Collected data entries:
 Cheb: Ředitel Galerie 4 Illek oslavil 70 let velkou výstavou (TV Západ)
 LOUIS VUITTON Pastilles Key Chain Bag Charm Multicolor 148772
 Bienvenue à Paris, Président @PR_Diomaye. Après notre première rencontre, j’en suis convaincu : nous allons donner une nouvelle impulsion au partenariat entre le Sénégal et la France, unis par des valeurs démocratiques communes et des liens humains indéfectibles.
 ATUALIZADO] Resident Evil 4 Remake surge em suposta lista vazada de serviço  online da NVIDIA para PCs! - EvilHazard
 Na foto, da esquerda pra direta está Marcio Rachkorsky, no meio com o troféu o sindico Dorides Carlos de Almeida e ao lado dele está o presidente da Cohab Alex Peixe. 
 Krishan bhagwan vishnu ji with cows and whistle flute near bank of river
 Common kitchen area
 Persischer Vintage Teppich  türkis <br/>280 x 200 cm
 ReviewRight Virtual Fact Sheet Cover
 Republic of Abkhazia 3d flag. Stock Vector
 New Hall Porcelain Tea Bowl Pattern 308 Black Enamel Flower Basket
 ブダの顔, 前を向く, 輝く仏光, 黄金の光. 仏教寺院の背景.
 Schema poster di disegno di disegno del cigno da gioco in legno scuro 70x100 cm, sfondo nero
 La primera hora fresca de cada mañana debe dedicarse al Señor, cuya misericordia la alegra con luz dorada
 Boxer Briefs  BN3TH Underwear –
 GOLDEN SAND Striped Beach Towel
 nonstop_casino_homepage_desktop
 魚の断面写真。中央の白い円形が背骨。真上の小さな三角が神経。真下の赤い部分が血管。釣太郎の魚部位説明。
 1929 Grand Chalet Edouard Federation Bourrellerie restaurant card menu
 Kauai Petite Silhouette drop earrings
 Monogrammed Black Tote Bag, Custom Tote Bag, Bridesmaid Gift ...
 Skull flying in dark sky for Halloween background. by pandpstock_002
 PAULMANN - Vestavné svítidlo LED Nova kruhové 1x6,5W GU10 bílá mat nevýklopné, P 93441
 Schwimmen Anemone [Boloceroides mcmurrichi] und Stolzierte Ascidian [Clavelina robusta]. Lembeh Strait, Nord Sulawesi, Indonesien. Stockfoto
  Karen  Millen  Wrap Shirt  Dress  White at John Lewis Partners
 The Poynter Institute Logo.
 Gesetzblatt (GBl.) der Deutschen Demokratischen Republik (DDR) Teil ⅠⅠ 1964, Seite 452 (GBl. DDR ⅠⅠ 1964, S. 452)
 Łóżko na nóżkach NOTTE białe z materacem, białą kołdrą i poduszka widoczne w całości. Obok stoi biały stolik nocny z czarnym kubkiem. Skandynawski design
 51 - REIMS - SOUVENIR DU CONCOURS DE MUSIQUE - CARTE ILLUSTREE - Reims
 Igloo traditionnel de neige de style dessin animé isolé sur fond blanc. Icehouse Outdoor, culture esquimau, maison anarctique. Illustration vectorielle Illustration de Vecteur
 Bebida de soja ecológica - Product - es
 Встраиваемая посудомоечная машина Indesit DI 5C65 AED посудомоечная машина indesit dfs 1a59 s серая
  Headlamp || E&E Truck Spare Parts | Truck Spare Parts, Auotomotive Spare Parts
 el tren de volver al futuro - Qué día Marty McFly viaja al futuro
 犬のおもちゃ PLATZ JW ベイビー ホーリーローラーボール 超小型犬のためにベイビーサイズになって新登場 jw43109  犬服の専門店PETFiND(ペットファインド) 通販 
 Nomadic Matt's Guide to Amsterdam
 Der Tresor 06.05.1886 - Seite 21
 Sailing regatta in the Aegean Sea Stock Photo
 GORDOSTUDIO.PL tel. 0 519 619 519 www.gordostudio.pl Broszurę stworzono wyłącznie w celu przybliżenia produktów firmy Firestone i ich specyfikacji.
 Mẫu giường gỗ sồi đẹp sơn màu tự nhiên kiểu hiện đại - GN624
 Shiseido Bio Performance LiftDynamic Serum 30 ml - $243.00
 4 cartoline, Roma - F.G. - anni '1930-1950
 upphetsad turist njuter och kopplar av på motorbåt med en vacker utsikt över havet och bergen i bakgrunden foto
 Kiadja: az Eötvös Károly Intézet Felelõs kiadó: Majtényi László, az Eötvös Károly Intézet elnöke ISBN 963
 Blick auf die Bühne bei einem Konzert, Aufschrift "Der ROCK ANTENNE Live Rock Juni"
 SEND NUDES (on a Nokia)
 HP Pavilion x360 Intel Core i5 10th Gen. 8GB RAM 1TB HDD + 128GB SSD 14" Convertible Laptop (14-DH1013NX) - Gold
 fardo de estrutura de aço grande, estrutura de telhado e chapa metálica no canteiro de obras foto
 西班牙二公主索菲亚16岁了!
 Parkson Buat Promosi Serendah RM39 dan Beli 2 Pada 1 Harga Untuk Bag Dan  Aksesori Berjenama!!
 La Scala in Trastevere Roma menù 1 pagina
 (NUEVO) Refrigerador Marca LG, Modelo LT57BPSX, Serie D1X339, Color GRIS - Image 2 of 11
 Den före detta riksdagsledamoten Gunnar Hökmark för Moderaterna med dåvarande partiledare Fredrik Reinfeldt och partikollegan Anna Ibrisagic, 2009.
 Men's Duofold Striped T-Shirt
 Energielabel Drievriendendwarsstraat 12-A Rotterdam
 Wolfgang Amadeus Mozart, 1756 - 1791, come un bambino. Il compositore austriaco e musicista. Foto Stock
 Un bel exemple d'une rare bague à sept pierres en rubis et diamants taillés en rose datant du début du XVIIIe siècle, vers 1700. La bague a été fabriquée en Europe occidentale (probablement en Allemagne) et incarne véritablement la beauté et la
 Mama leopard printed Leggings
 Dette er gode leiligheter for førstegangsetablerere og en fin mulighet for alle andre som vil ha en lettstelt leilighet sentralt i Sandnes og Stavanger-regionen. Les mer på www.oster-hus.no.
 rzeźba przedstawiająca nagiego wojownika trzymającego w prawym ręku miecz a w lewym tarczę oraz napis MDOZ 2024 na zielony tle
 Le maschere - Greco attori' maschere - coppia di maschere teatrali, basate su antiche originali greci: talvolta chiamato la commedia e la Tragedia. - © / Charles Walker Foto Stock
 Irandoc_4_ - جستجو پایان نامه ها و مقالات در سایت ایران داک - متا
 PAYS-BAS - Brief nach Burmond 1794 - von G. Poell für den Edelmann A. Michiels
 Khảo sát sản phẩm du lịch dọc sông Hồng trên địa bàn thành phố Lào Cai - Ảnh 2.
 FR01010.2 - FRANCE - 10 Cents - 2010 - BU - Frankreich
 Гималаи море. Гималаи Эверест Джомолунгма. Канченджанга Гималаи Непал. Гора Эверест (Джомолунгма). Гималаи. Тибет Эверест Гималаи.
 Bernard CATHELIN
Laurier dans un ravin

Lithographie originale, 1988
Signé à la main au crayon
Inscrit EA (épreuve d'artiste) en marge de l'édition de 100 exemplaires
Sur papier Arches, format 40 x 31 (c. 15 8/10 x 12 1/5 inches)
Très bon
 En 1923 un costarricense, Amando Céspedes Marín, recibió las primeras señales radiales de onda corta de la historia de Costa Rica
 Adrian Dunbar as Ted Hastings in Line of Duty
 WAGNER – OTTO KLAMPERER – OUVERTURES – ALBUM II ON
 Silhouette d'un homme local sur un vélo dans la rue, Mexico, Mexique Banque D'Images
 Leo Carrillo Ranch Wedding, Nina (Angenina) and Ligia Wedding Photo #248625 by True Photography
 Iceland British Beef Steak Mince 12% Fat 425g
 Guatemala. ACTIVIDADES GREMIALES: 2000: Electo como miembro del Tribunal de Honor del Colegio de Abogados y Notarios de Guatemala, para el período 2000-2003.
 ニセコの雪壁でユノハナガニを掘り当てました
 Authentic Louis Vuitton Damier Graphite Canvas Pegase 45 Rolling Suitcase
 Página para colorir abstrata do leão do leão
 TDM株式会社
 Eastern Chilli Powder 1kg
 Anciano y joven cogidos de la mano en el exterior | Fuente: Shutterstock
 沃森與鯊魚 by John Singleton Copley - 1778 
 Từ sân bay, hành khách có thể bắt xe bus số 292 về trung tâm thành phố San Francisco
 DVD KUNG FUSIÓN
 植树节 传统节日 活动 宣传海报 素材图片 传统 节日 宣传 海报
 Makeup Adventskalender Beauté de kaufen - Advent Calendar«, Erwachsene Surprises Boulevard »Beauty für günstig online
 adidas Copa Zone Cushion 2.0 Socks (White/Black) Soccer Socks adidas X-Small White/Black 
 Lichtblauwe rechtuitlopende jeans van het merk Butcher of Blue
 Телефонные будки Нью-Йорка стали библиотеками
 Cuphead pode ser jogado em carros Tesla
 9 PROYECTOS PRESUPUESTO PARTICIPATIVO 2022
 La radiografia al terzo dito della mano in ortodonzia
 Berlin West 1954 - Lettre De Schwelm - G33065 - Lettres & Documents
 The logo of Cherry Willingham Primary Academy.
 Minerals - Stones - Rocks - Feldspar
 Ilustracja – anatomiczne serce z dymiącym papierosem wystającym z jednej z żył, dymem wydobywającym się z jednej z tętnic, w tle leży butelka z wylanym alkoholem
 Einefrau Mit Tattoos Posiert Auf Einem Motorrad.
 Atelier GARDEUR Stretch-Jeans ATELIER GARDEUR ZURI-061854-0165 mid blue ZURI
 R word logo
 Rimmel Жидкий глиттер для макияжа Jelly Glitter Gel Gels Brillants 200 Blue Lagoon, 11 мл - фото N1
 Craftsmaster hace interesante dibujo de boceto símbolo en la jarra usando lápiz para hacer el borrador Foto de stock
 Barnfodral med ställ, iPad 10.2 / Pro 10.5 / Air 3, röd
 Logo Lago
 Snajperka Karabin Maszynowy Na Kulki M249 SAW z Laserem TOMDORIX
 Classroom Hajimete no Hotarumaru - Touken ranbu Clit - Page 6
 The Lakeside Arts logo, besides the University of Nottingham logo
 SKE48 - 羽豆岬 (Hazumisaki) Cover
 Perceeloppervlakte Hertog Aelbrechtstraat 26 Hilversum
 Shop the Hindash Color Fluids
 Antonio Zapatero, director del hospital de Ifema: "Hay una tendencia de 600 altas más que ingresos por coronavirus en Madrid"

What the task requires:
Nothing beyond the line that contains "Łóżko na nóżkach" belongs in the answer; reproduce the entries exactly from their first line through it.

Problem solution:
 Cheb: Ředitel Galerie 4 Illek oslavil 70 let velkou výstavou (TV Západ)
 LOUIS VUITTON Pastilles Key Chain Bag Charm Multicolor 148772
 Bienvenue à Paris, Président @PR_Diomaye. Après notre première rencontre, j’en suis convaincu : nous allons donner une nouvelle impulsion au partenariat entre le Sénégal et la France, unis par des valeurs démocratiques communes et des liens humains indéfectibles.
 ATUALIZADO] Resident Evil 4 Remake surge em suposta lista vazada de serviço  online da NVIDIA para PCs! - EvilHazard
 Na foto, da esquerda pra direta está Marcio Rachkorsky, no meio com o troféu o sindico Dorides Carlos de Almeida e ao lado dele está o presidente da Cohab Alex Peixe. 
 Krishan bhagwan vishnu ji with cows and whistle flute near bank of river
 Common kitchen area
 Persischer Vintage Teppich  türkis <br/>280 x 200 cm
 ReviewRight Virtual Fact Sheet Cover
 Republic of Abkhazia 3d flag. Stock Vector
 New Hall Porcelain Tea Bowl Pattern 308 Black Enamel Flower Basket
 ブダの顔, 前を向く, 輝く仏光, 黄金の光. 仏教寺院の背景.
 Schema poster di disegno di disegno del cigno da gioco in legno scuro 70x100 cm, sfondo nero
 La primera hora fresca de cada mañana debe dedicarse al Señor, cuya misericordia la alegra con luz dorada
 Boxer Briefs  BN3TH Underwear –
 GOLDEN SAND Striped Beach Towel
 nonstop_casino_homepage_desktop
 魚の断面写真。中央の白い円形が背骨。真上の小さな三角が神経。真下の赤い部分が血管。釣太郎の魚部位説明。
 1929 Grand Chalet Edouard Federation Bourrellerie restaurant card menu
 Kauai Petite Silhouette drop earrings
 Monogrammed Black Tote Bag, Custom Tote Bag, Bridesmaid Gift ...
 Skull flying in dark sky for Halloween background. by pandpstock_002
 PAULMANN - Vestavné svítidlo LED Nova kruhové 1x6,5W GU10 bílá mat nevýklopné, P 93441
 Schwimmen Anemone [Boloceroides mcmurrichi] und Stolzierte Ascidian [Clavelina robusta]. Lembeh Strait, Nord Sulawesi, Indonesien. Stockfoto
  Karen  Millen  Wrap Shirt  Dress  White at John Lewis Partners
 The Poynter Institute Logo.
 Gesetzblatt (GBl.) der Deutschen Demokratischen Republik (DDR) Teil ⅠⅠ 1964, Seite 452 (GBl. DDR ⅠⅠ 1964, S. 452)
 Łóżko na nóżkach NOTTE białe z materacem, białą kołdrą i poduszka widoczne w całości. Obok stoi biały stolik nocny z czarnym kubkiem. Skandynawski design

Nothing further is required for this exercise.